Selbstmordversuch

Wieder schiebe ich die versprochenen Artikel auf, denn wieder hat sich etwas zugetragen, das mich dazu veranlasst, aus dem Affekt einen Bericht zu schreiben.

Vor wenigen Tagen hat eine 12-jährige Schülerin versucht, sich umzubringen. Sie ist dabei gar nicht erst zum eigentlichen Versuch gekommen, sondern scheiterte glücklicherweise bereits an der Beschaffung eines Rattengiftes, welches sie verwenden wollte.
Ich habe gerade erst von diesem Fall erfahren und er macht mich sehr betroffen, da ich das Mädchen sehr schätze und, ja, wenn man es so nennen möchte, zu meinen Lieblingsschülern zähle. Ich weiß auch, dass sie mich schätzt. Allerdings führt schon allein die Sprachbarriere dazu, dass sie mir nicht von ihren Problemen erzählen könnte. Trotzdem kenne ich jetzt einige Hintergründe.

Der Auslöser für ihre Entscheidung war, dass Mitschüler ihr wohl Geld geliehen hatten, dass sie, da sie kein Taschengeld bekommt, nicht zurückzahlen konnte. Deshalb drohten jene Schüler, ihre Hefte zu zerreißen. Der eigentlich drohende Schatten hinter dieser eher harmlos klingenden Geschichte ist aber die Mutter. Die ist nämlich, wenn ich den Erzählungen glauben schenken darf, knallhart, sitzt unter anderem im Distriktparlament und ein durch und durch dominanter Typ. So drohte sie ihren Kindern angeblich, dass sie sich im Falle des Scheiterns in Examen besser selbst umbrächten, als zu erleben, wie sie zornig ihnen gegenüber würde.

Schulhefte sind in Tansania um einiges bedeutsamer als in Deutschland. Dort schreiben Schüler ihre Notizen und Aufgaben hinein und legen sie anschließend ad acta.

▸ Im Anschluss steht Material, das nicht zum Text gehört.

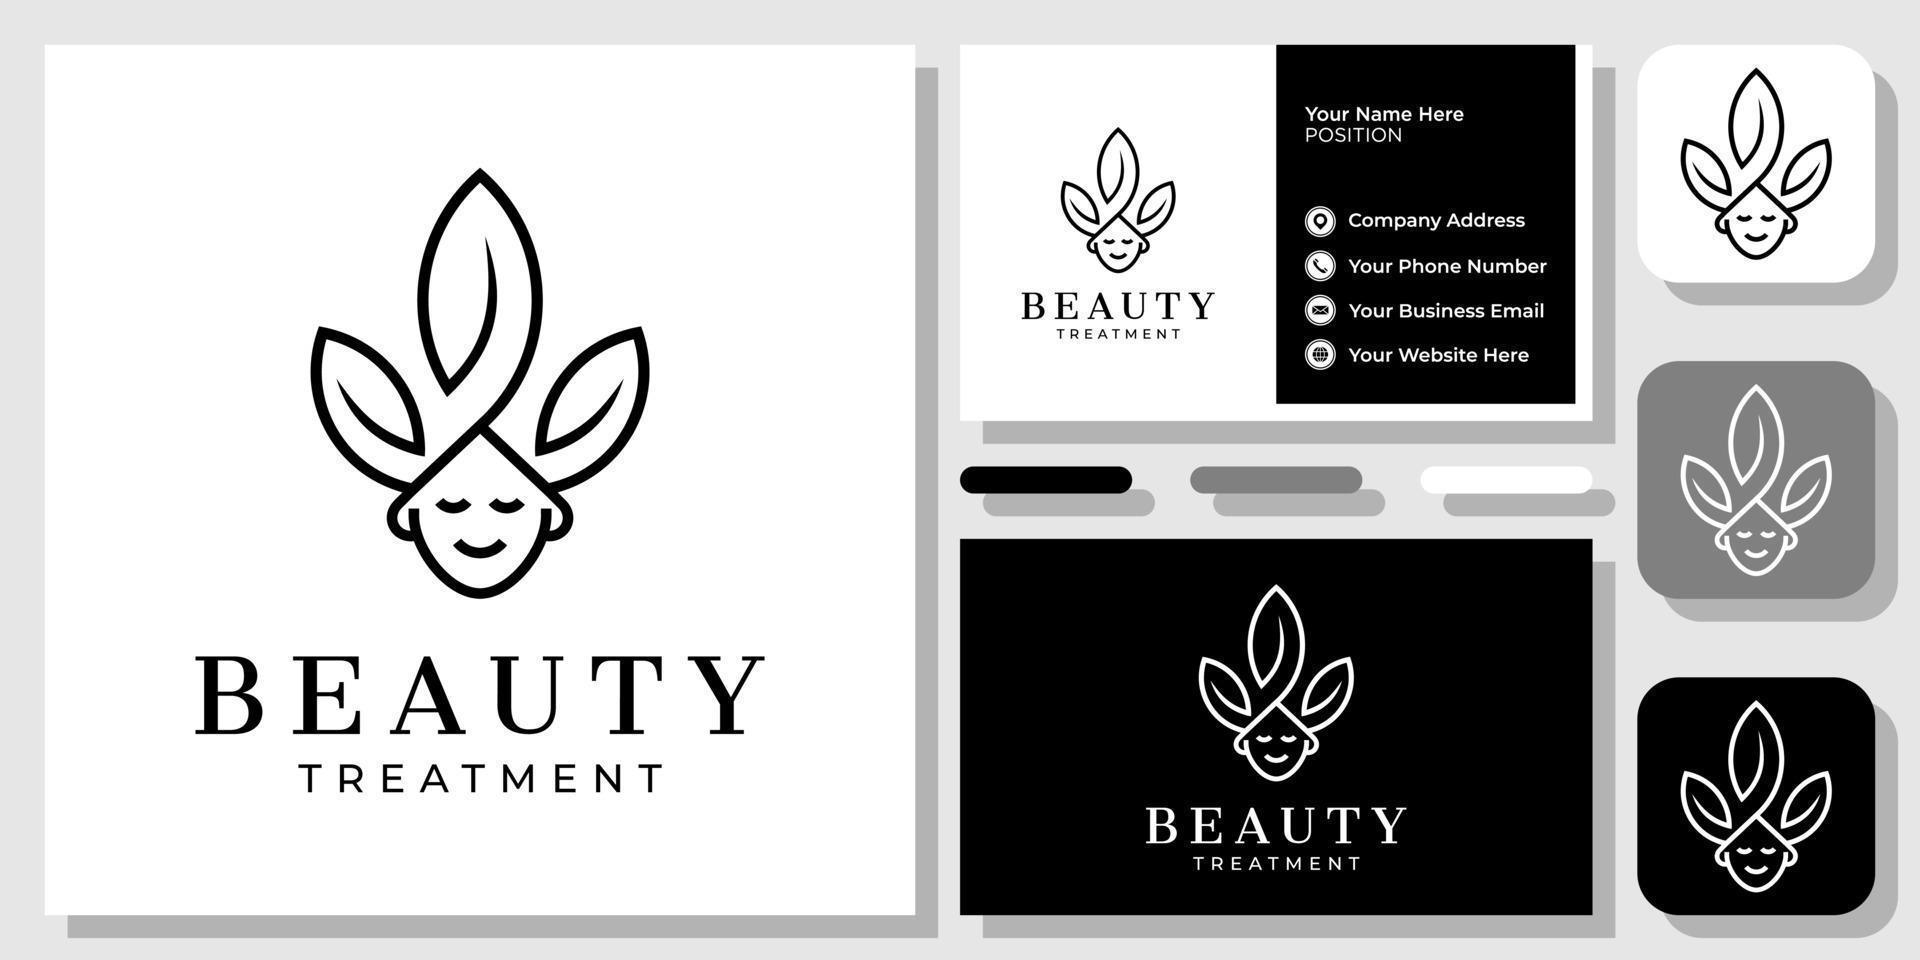 Woman Head Face Leaf Hair Beauty Salon Treatment Nature Logo Design with Business Card Template vector

Hier dagegen legt das Schulsystem mehr Wert auf pauken denn verstehen. Was bedeutet, dass die Schüler mit ihren Heften lernen und diese auch häufig an die nächste Generation weitergeben. Ein Übungsheft stellt damit ein wichtiges Symbol für den Erfolg des Studiums dar. Darüber hinaus ist es auch ein materieller Wert und, wie erwähnt, das Mädchen verfügte über kein eigenes Geld.

Als die Mutter dann davon, dass ihre Tochter Schulden hat, Wind bekam, drohte sie ihr erneut. Das Mädchen solle besser alles erzählen; zudem kündigte sie ihr Kommen an. Da bekam es die Tochter endgültig mit der Angst und ich kann mir gut vorstellen, dass diese Angst vor der Mutter in Erfahrungen gut begründet ist. Auch andere Leute fürchten die Mutter – in der Gemeinde ist sie als eine Hexe bekannt.
Welche Rolle der Glaube an schwarze Magie hier spielt, haben die letzten Einträge in meinem Blog ja schon thematisiert. Ich weiß nicht, ob auch die Tochter ihre Mutter für eine Hexe hält, doch auch allein das Wissen um die Meinung Anderer setzt unter diesen Umständen ein so junges Mädchen enorm unter Druck.

Abgerundet wird die gefühlte Isolation der 12-Jährigen durch ihre Schwester. Die ist nämlich auch auf der Schule, in einer höheren Klasse. Allerdings ist sie unter Schülern eher für anzügliche Tänze und unter Lehrern für Dreistigkeit und geringe Disziplin bekannt. Darunter leidet dann wiederum das betroffene Mädchen, dass so eine wichtige Stütze im Leben verliert.

Vor Kurzem erst hatte sie mich mit einer Freundin um zusätzliche IT-Stunden gebeten. Morgen treffen wir uns das erste Mal, um das anzugehen. Wir hatten vereinbart, dass ich die beiden eine Doppelstunde pro Woche (=80 Minuten) zusätzlich unterrichte. Sie werden dadurch nicht nur weit mehr als ihre Klassenkameraden, sondern ich sie auch besser kennen lernen. Vielleicht kann ich ja doch noch zu einer Art Vertrauensperson für sie werden, ich würde es mir wünschen.